其实这么多年过去,唯有自己的父亲和母亲这样叫过她。
她严肃地开口:“我早就想问了,你和顾仁为什么总是叫我小公主?”
穆木的心一咯噔,她拍了拍温时宁的肩膀,一脸慈爱:“因为你聪明又漂亮啊。”
温时宁:???
“谁还不是个小公主啊,你说对吧?”穆木笑着眨眨眼,诚恳又认真:“主要是我挺喜欢你的,但年龄又比你大,就顺口这样叫了。”
温时宁接受了这个说法,因为易禾煦和他的朋友开玩笑的时候都这样叫。
“那你在干嘛?”她疑惑道,偏头望了望不远处那个男人:“在执行任务?”
穆木神秘地笑了笑:“一个新委托,规矩所在,不能说。”
温时宁倒是挺感兴趣的:“你们一单能赚到很多钱吗?”
“要看委托的难易程度,理论上越难越多钱。

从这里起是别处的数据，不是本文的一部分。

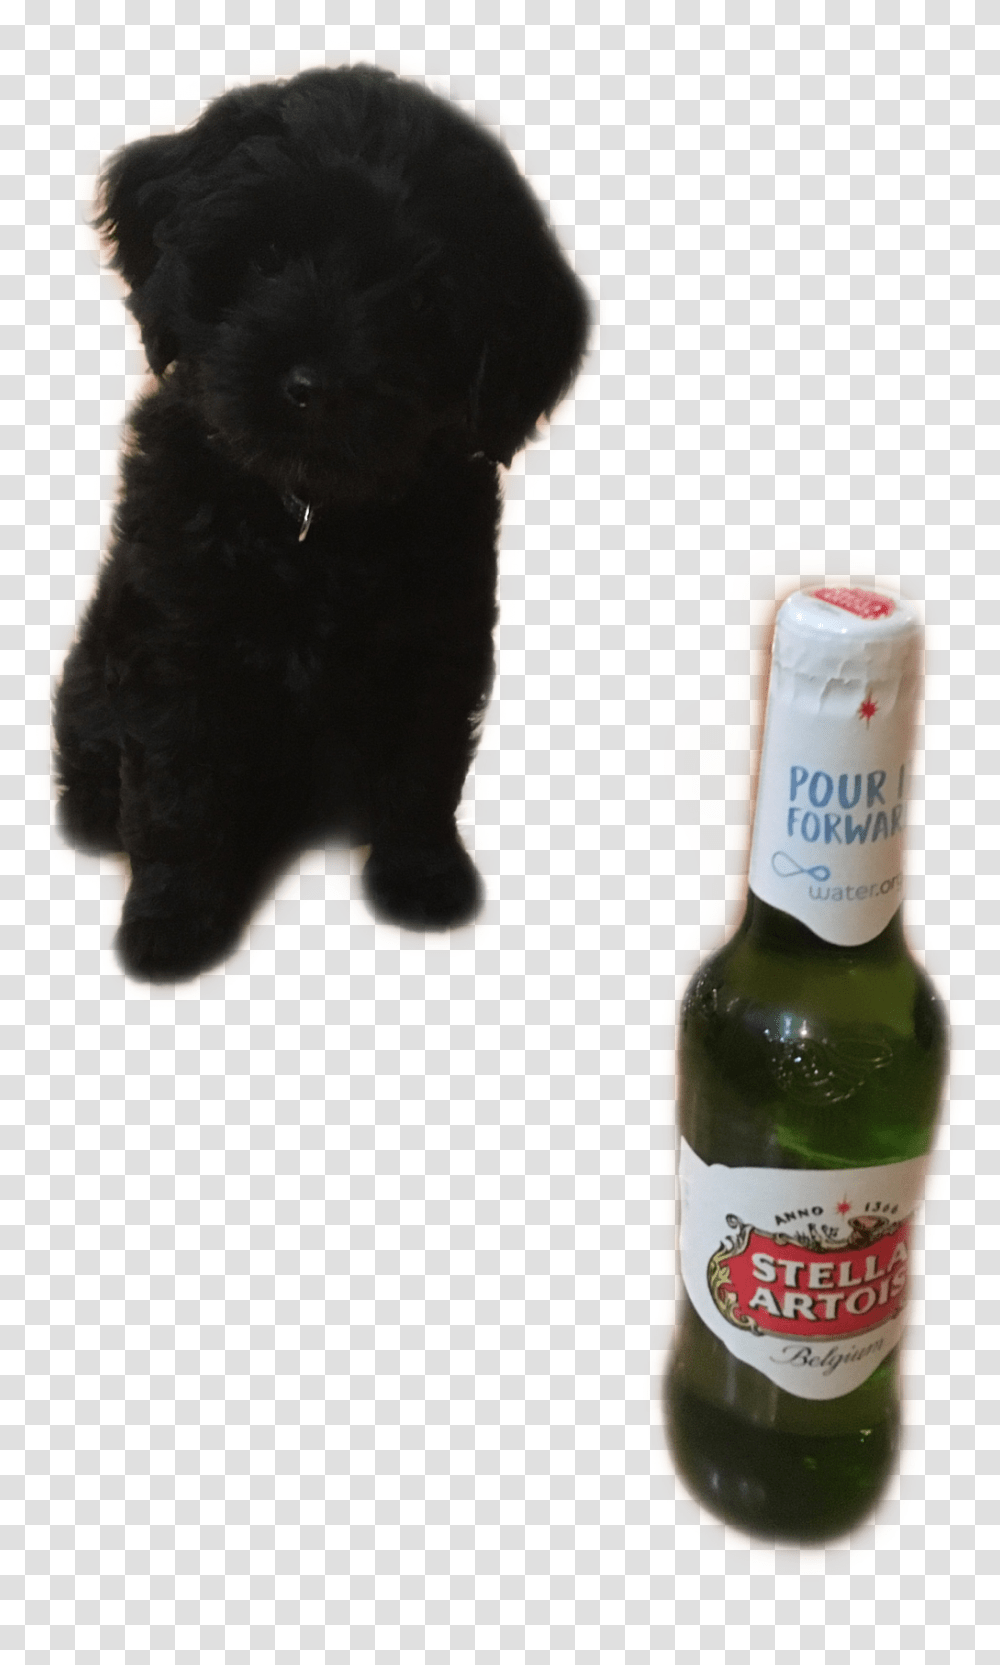 Stella Beer Beer Bottle, Alcohol, Beverage, Drink, Dog Transparent Png

”
“可是不会有人提出很奇怪的委托吗?”她举例说道:“比如说有人想在去世之前一夜暴富什么的。”
穆木取下墨镜,慢慢解释,很有耐心:“我们只会接受去世之人的委托,还在世上的人他的委托都不会被执行,理论上排除了一些不可能的遗愿。况且我们也不是什么委托都接受的。”
“事务所有一个网站和地址,愿意相信遗愿会被办理的人,就会把委托信和委托金一起寄给我们,如果能完成委托,我们就会收下委托金,不能完成的委托,委托金会捐赠到慈善机构,记录会传到网站让顾客查看,积累信誉。至于委托金给多少,也是个人意愿,而我们也有选择的权利。”

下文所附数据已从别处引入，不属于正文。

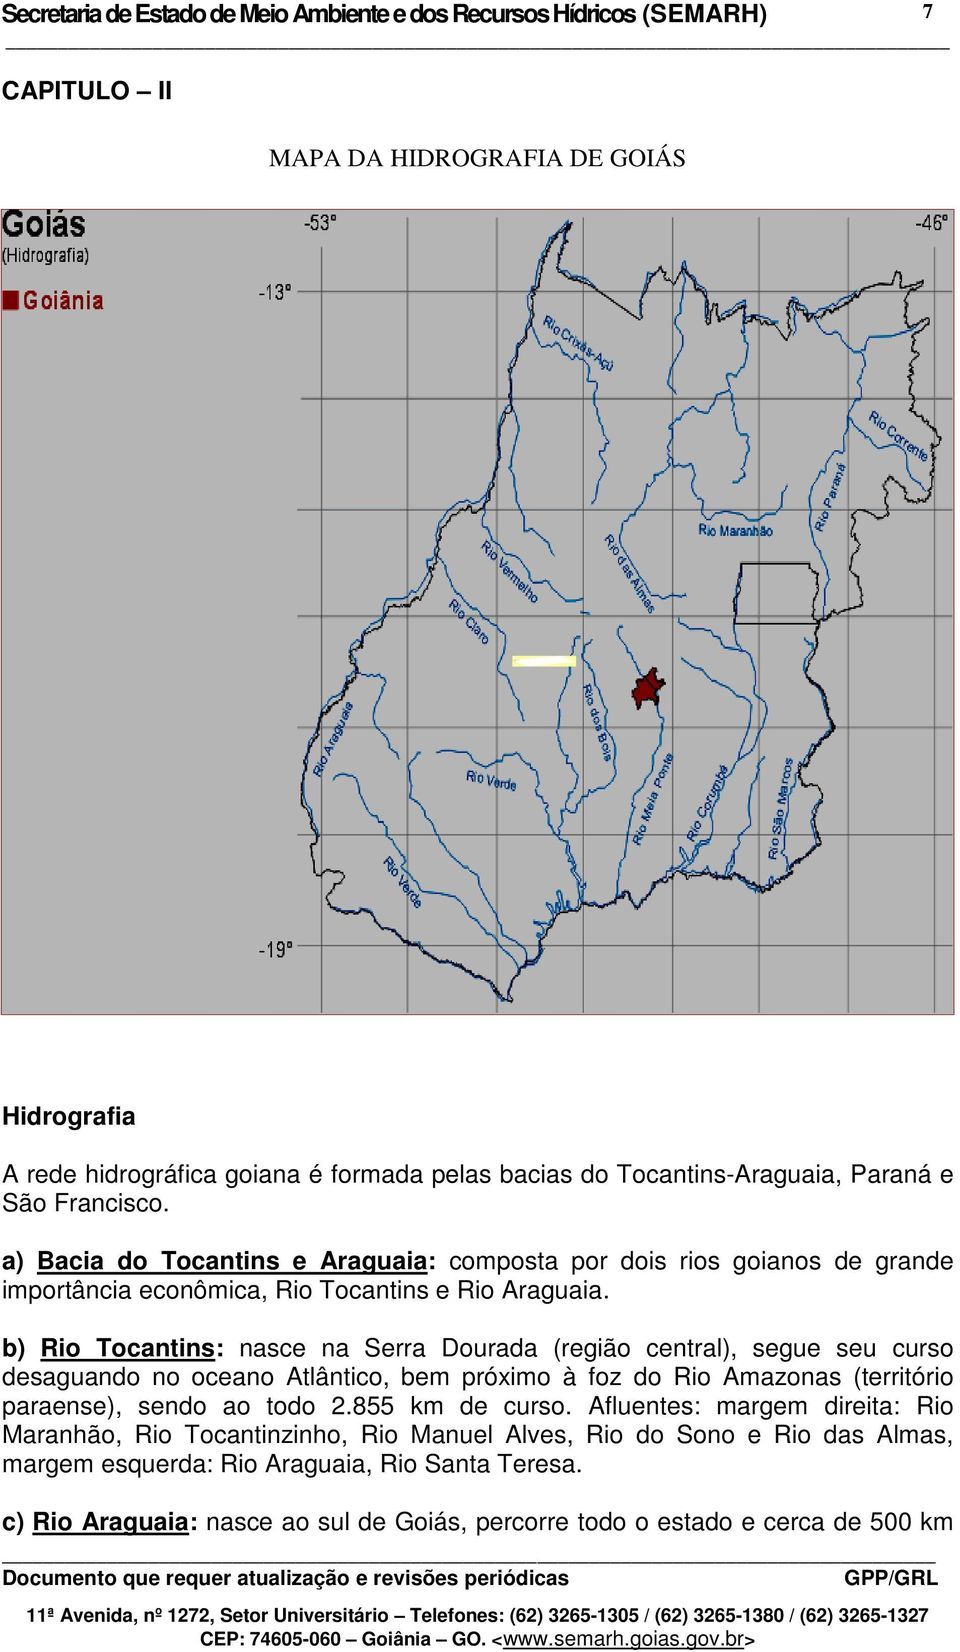 b) Rio Tocantins: nasce na Serra Dourada (região central), segue seu curso desaguando no oceano Atlântico, bem próximo à foz do Rio Amazonas (território paraense), sendo ao todo

穆木看着眼前小姑娘亮晶晶的眼睛,一个想法冒了出来,能把她光明正大看在身边,却不令她起疑的方法。
她掏出一张黑色名片递给她,诚恳地说道:“你要是有兴趣,可以来兼职。”
温时宁瞪大眼,接过名片,很简洁的设计,上面写着遗愿事务所几个字,下面是网站和寄信地址,以及穆木的名字。
她捏了捏名片,抬头笑的眼睛弯弯:“我高考结束后就去找你。”
......
易禾煦今天难得的是真的有事,和合作商敲定合同,吩咐下属接下来的事情后,他回到房子已经十一点多了。
客厅里留了一盏小灯,易禾煦看见的时候,整颗心软了软。
他突然想起自己把这小奶猫一个人留在温家四年,这栋房子三年,从没回来看过她。
易禾煦第一次意识到,这对一个女孩子来说,有多残忍。他比她年长那么多,尚且对黑暗和孤独如此厌恶,何况是她?
单单是他看见她心理崩溃,封闭在自己的世界的行为,他就看见了两次,一次是在七年前的葬礼,一次就是七年后她朋友跳楼之后。
她的班主任当时是这么说的:“时宁是个敏感懂事的孩子,她总是不愿意麻烦别人太多,独立地很让人心疼。就算她不说,我也看得出来前段时间她的精神状态不好,上课的时候也经常盯着外面发呆。我不太了解你们家的事,但也斗胆建议,希望易先生在她高考之前好好关注她,毕竟一旦失利,对她的影响太大。”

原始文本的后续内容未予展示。